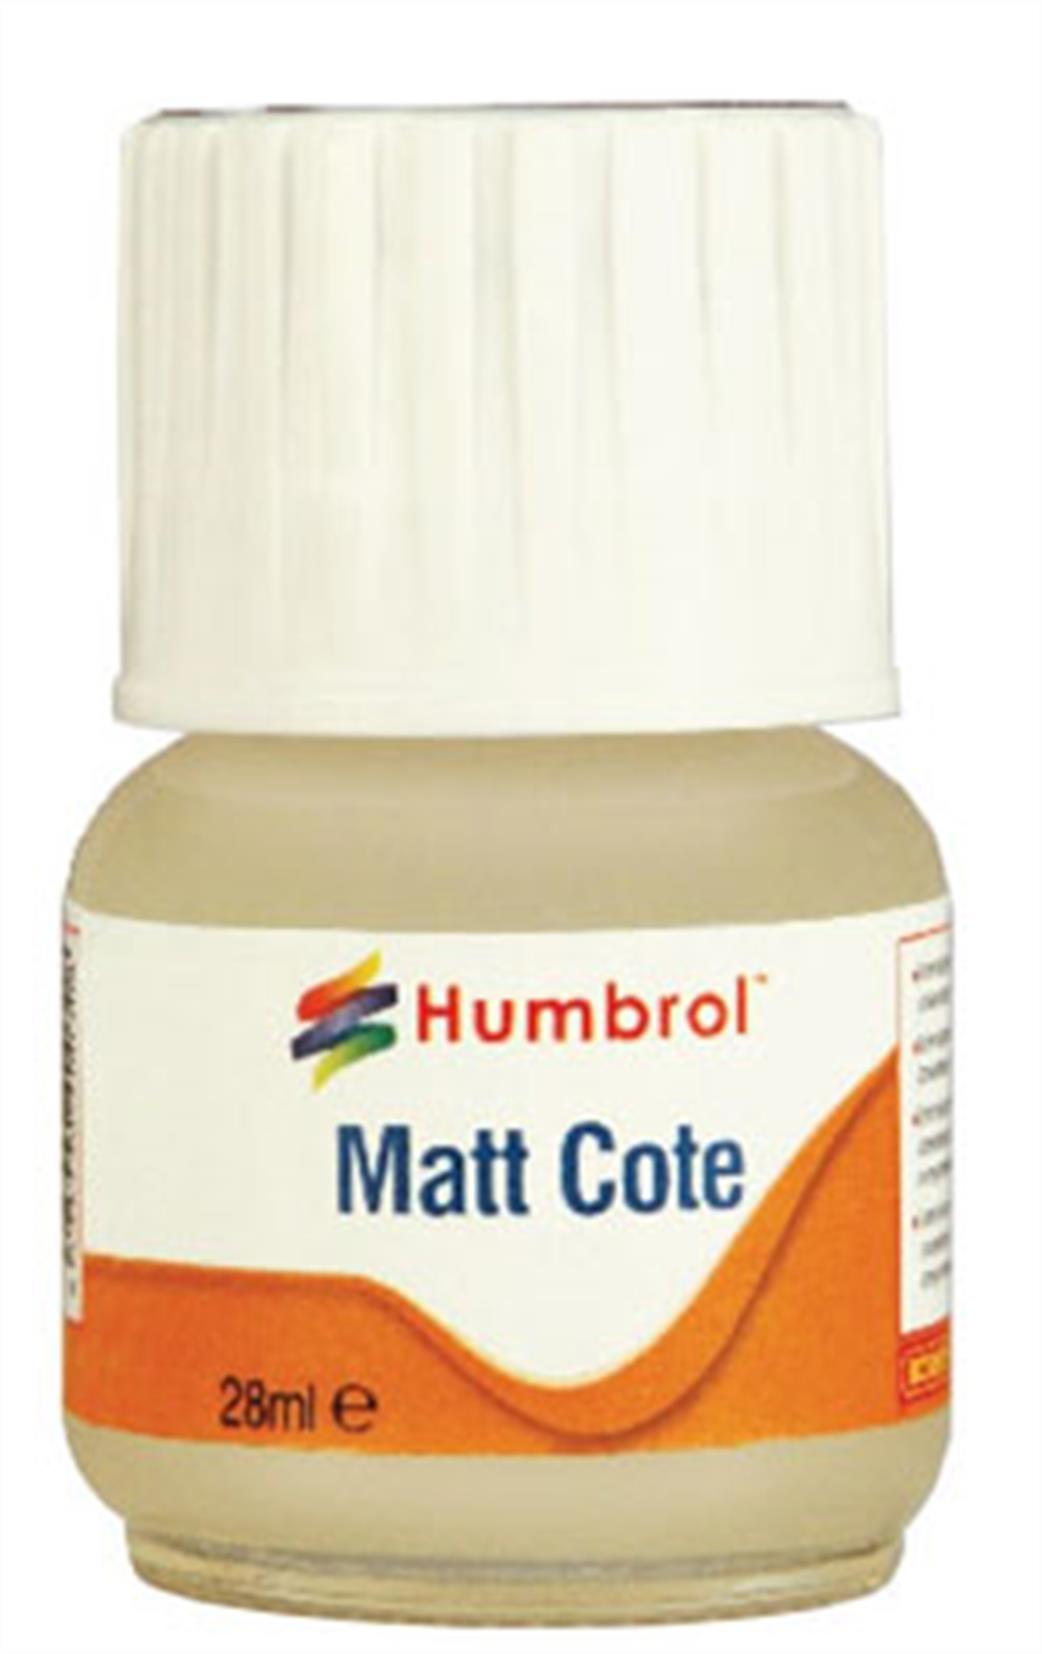 Humbrol AC5601 Modelcote Matt Cote Varnish 28ml Bottle
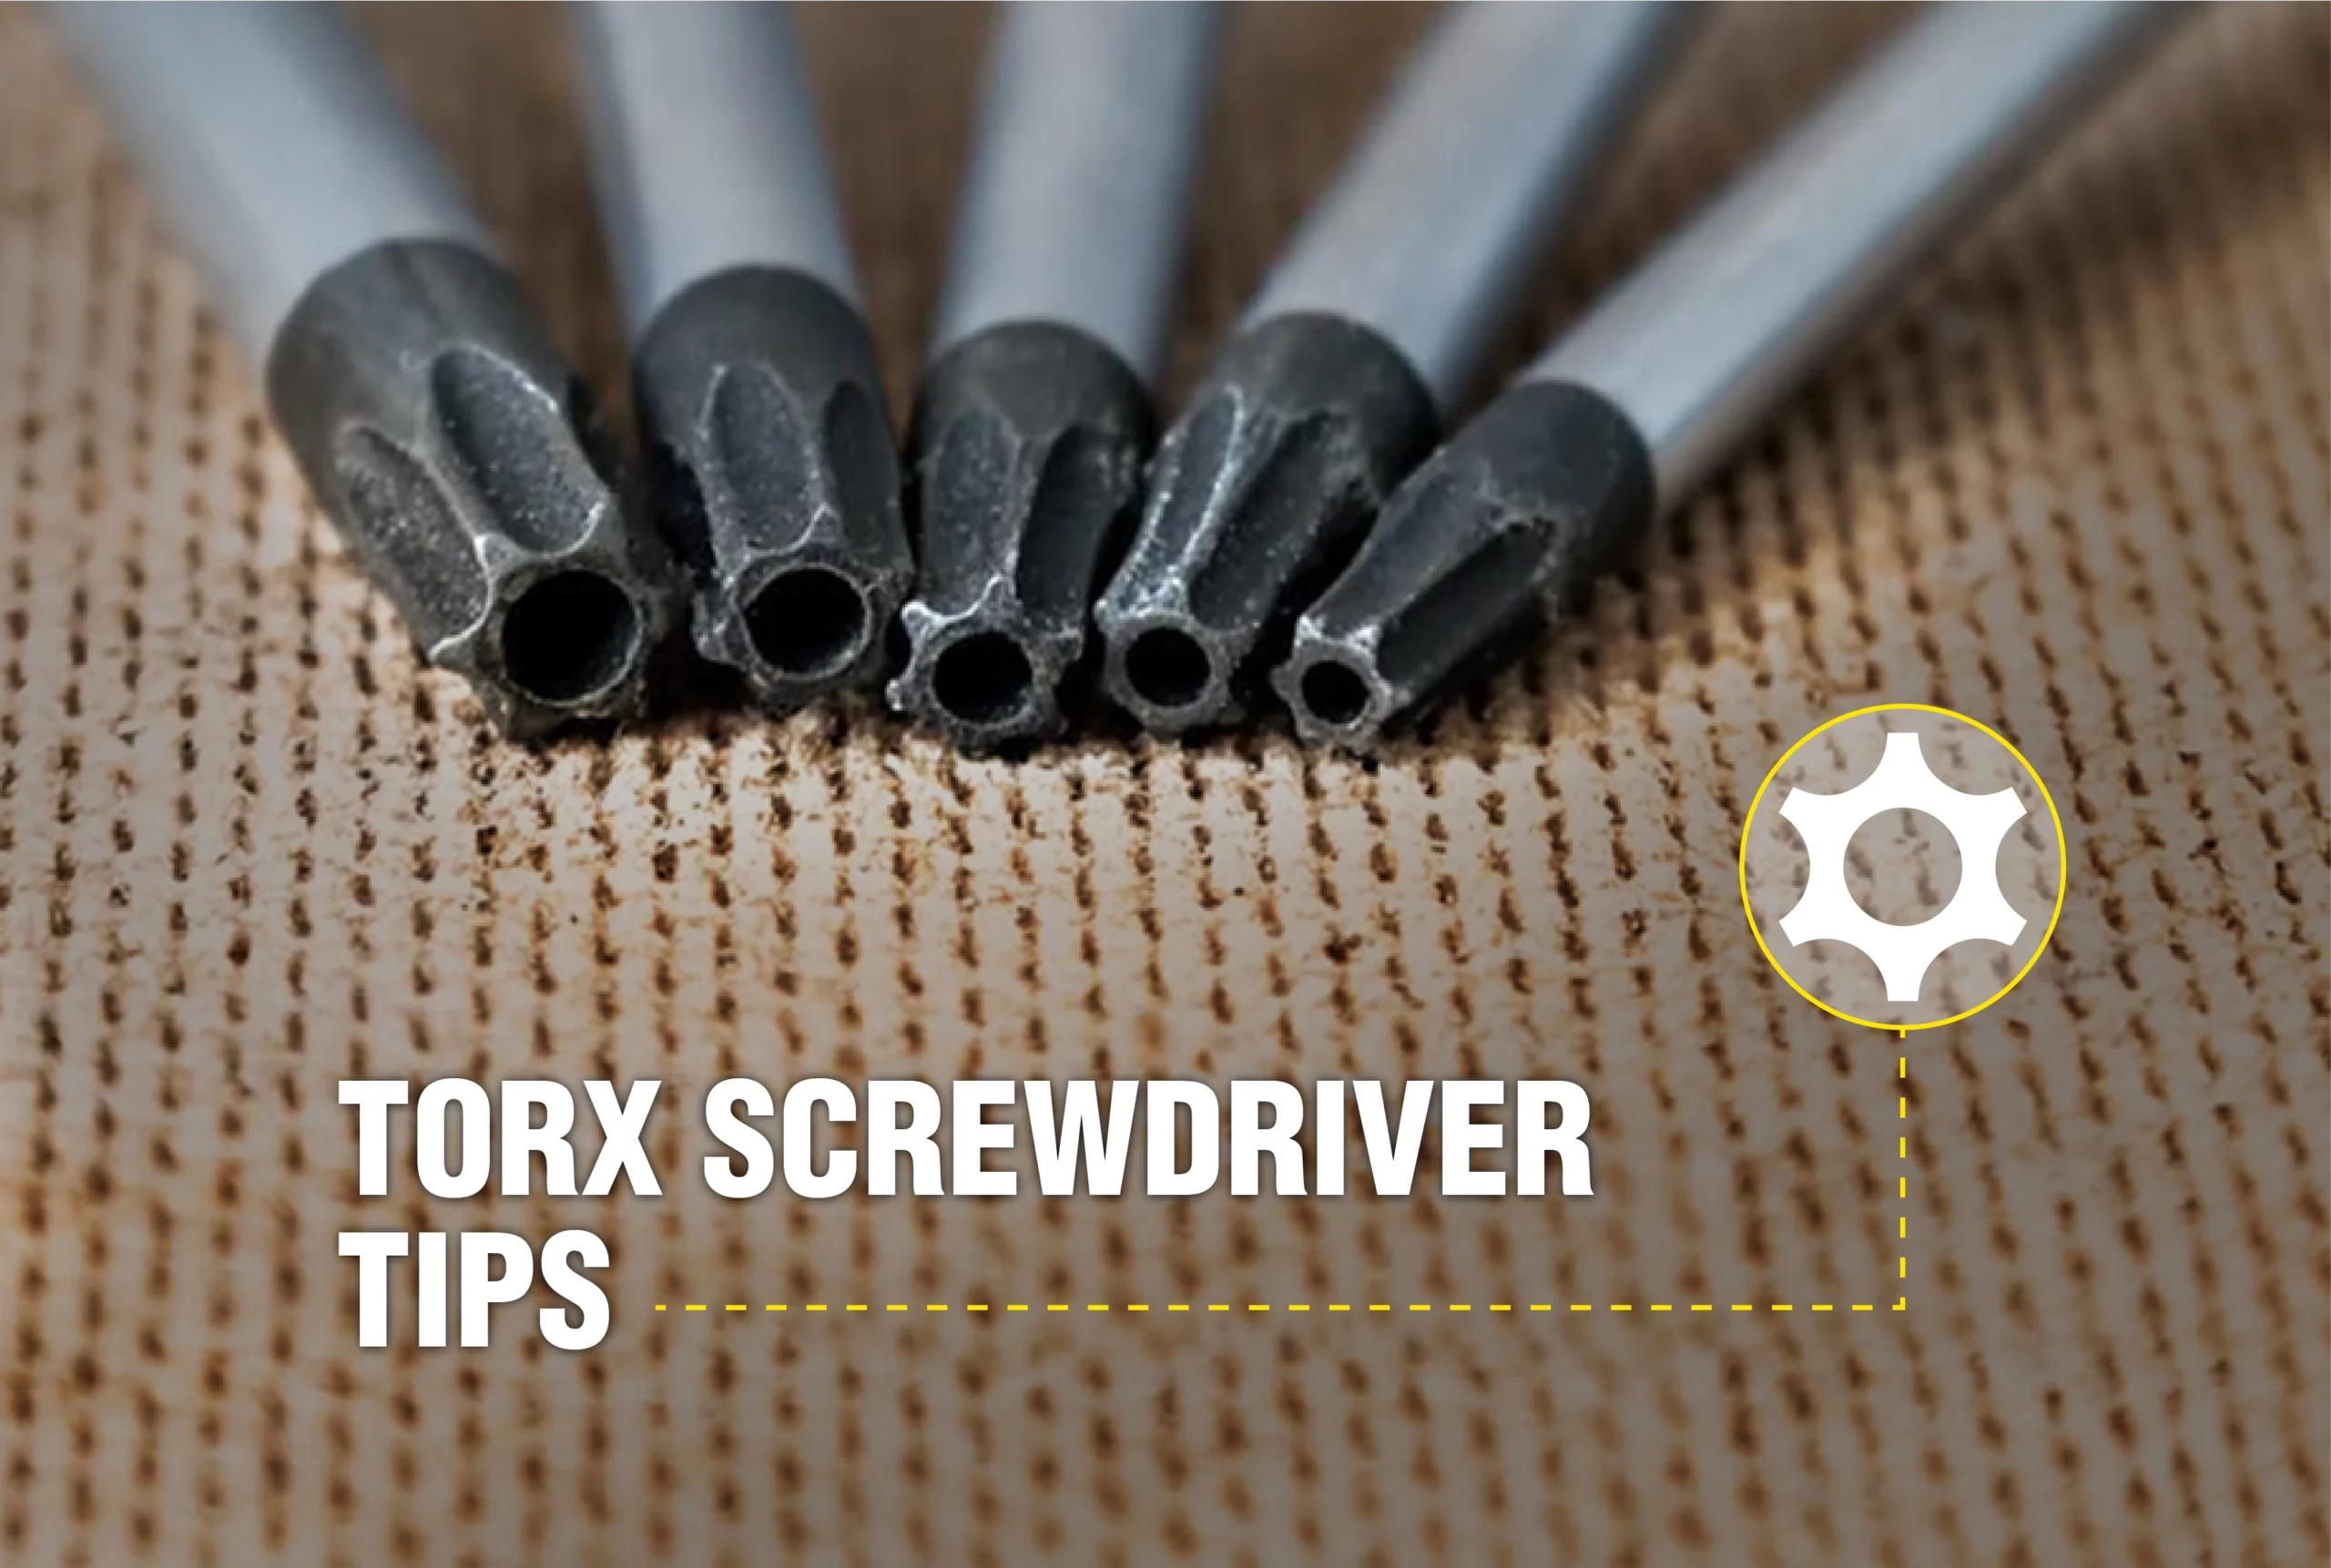 A close-up of Torx screwdrivers tips
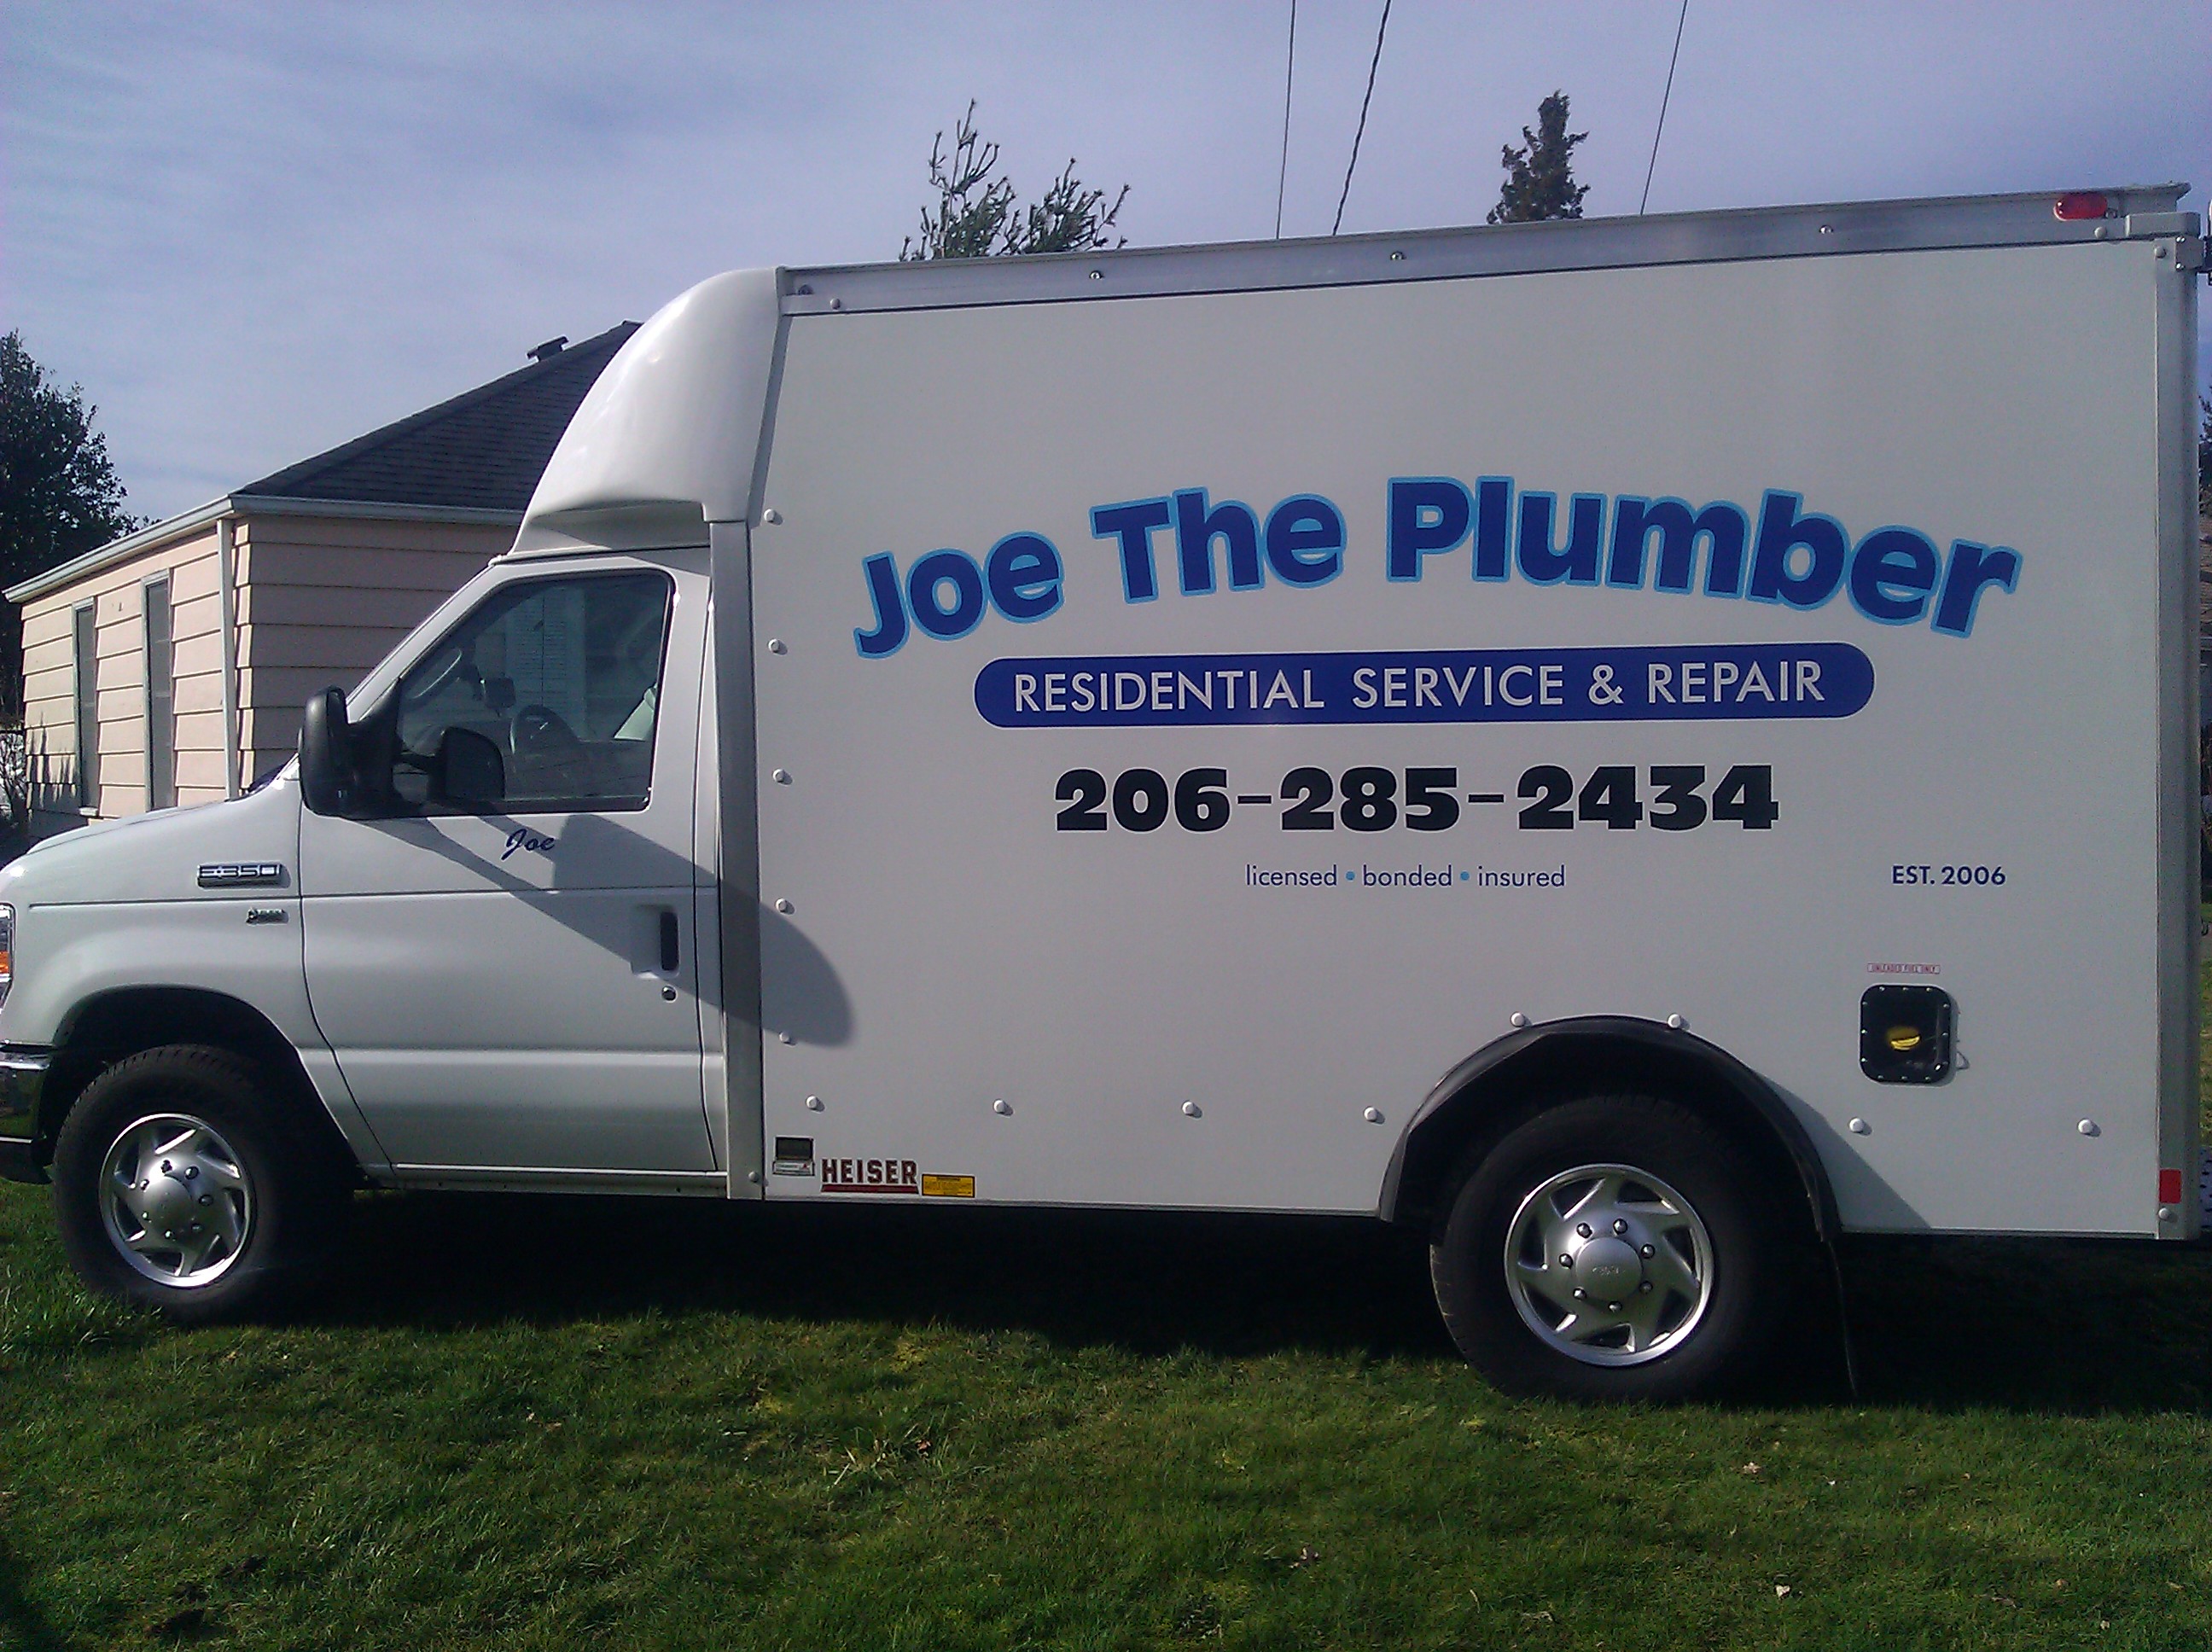 Joe the Plumber 17011 34th Ave S, SeaTac Washington 98188

> [What you should do]:
Everything from the line containing "A close-up of Torx screwdrivers tips" to the final line of the listing above, both ends included, should be transcribed word for word, except for the pictures.

> [Solution for this problem]:
 A close-up of Torx screwdrivers tips
 Joe the Plumber 17011 34th Ave S, SeaTac Washington 98188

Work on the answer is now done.